Fifty miles of rowing to return to Cyprus, is not all that much, but still it had to be done and the galleys were much less heavy to row when the hold was empty. Then once the fresh water had been poured on to the Cypriot vegetables and in order to avoid the trouble of having to return the heavy old things back to Turkey where they were worth practically nothing one simply pushed them over board.
This went on for centuries, a long enough time to accumulate a real underwater cliff of debris.
I have received recently the book which our English friend published on the subject. He used samples which he had collected with such enthusiasm, so as to identify the origin of the amphora. Near the neck or on the handle or at the bottom of their big bellies, the amphora fairly often bear a seal or just a simple mark which is the signature of the artisan who made it or of the trader who ordered it. By carefully noting all these indications and comparing them to other data know to Mediterranean archaeologists, he succeeded in reconstructing a part of the great commercial lanes of antiquity
* * *
It had been pre-arranged that after some months in Cyprus, our ship should pass through the Suez canal to undertake a programme of scientific research on the tropical coral of the Red Sea. But first of all, we had to go to Beirut to have the hull cleaned and repainted.
At this time, in the sixties, Beirut was still the capital of a happy Lebanon, hospitable and proud of a luxury unsurpassed in the middle- East.
After the bucolic charm of our anchorage in Cyprus, the din of the great harbour of Beirut seems crazy : The syren of the cargo-boats, the grinding of the cranes, the work of the naval dockyard, the blows of the sledge hammer on the hull, a welder's little glowing sun, the agony of a saw on metal. And then the Arabs in pyjamas cursing each other in the heat of the day, a handful of little boys, all of them naked, shouting as they push each other into the dirty water of the harbour, leaving on the stone quay the wet imprint of their tiny little feet.

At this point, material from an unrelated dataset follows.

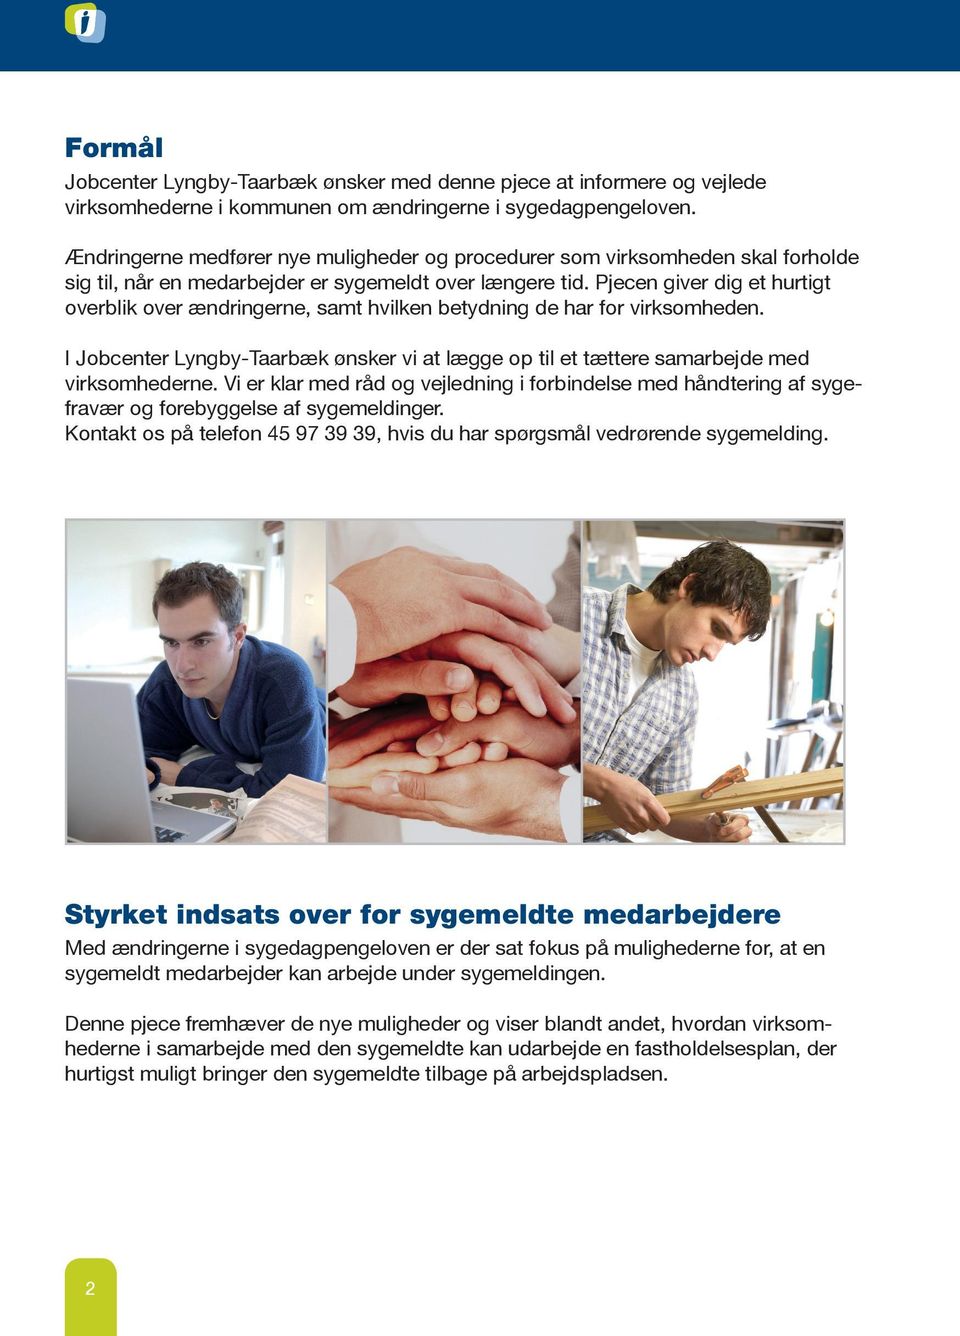 Pjecen giver dig et hurtigt overblik over ændringerne, samt hvilken betydning de har for virksomheden. I Jobcenter Lyngby-Taarbæk ønsker vi at lægge op til et tættere samarbejde med virksomhederne.

Behind the naval dockyard, there is the roar of the great modern city, scintillating with multicolored publicity. Buildings of innumerable floors. In the depths of the canyon formed by the geometric facades, a torrent of vehicles, of trams clanking beneath their sparks, of bars vibrating with musical rhythms and of restaurants, imitation oriental-style in the Orient.
In this mechanical ebullition, a mule unperturbed with an old sack under his backside to collect the manure, pulling a cart with wheels of an old car and lying on the load, his master, cap over his nose, is sleeping with closed fists.
And beyond the great city, there is the eternal silence of the vast Lebanese mountains. The ancient world of Phoenician heroes and of the men who cut the white stones.
Here the dream is mingled with the smell of lemon trees, of the boat which is being repainted and of oriental spices.
These smells are timeless. Antiquity must have smelt of lemon and of the paint of boats and of the fish market.
This evening, we celebrate, the boat is ready, tomorrow morning we set out again for Egypt and the Red Sea.